Data storage encompasses gathering data from various sources into a unified repository, enabling joint analysis for business purposes. ETL is commonly used to transfer this data to a storage repository.

Machine Learning and Artificial Intelligence

Machine Learning is an approach that imparts meaning to data without requiring explicit programming of analytical models. Instead, the system extracts insights from the data through Artificial Intelligence techniques. ETL finds application in centralizing data for Machine Learning purposes.

Marketing Data Integration

The consolidation of marketing information involves unifying data from various sources such as customers, social media, and web analytics metrics into a single environment. This enables analysis and the formulation of future plans, and ETL plays a crucial role in collecting and preparing this data.

Data integration in the Internet of Things (IoT)

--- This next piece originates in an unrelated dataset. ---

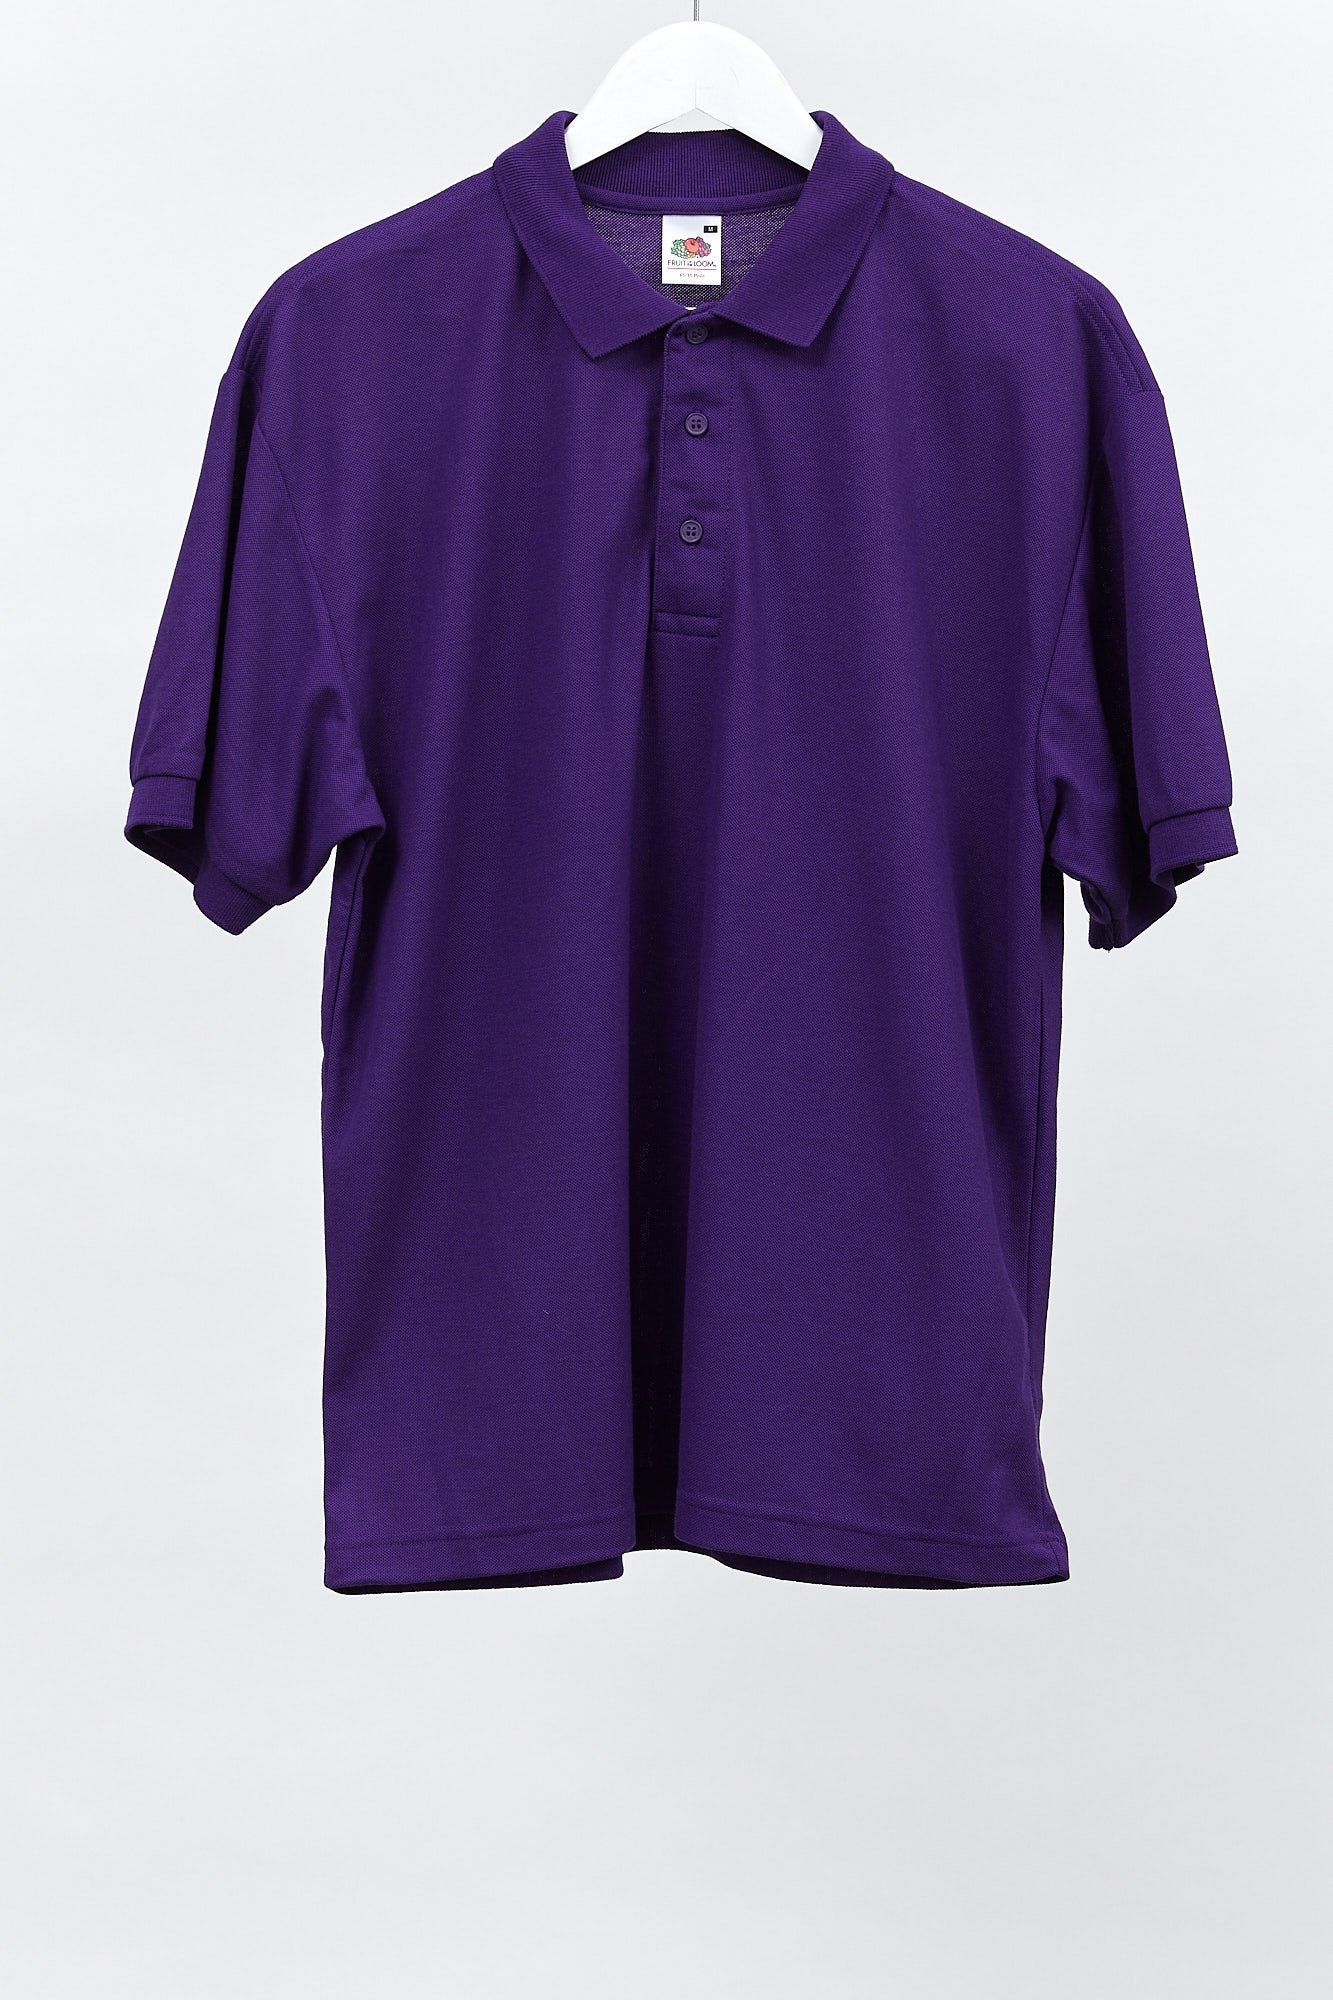 Mens Purple Polo Shirt: Size Medium

The Internet of Things (IoT) encompasses the interconnection of devices capable of collecting and transmitting data through embedded sensors. These devices include industrial equipment, network servers, smartphones, and a wide range of other machines, including wearables and embedded devices. ETL is employed to centralize information from multiple IoT sources, enabling its analysis.

Database replication

Database replication involves extracting data from source databases, such as Oracle, Cloud SQL for MySQL, Microsoft SQL Server, Cloud SQL for PostgreSQL, MongoDB, among others, and then transferring this data to cloud storage. This process can be one-time or continuous as data is updated, with ETL being used to perform this replication.

Migration to the cloud 

Companies have been migrating their data and applications to cloud environments to optimize costs, scalability, and data security. ETL also plays a crucial role in facilitating these migrations.

In an increasingly data-driven world, ETL becomes a fundamental piece for extracting significant value from diverse information.

The benefits of the process are impactful in the current data analysis and decision-making landscape. The ability to transform raw data into valuable insights is an essential competitive advantage, enabling organizations to thrive in a dynamic and constantly evolving business environment.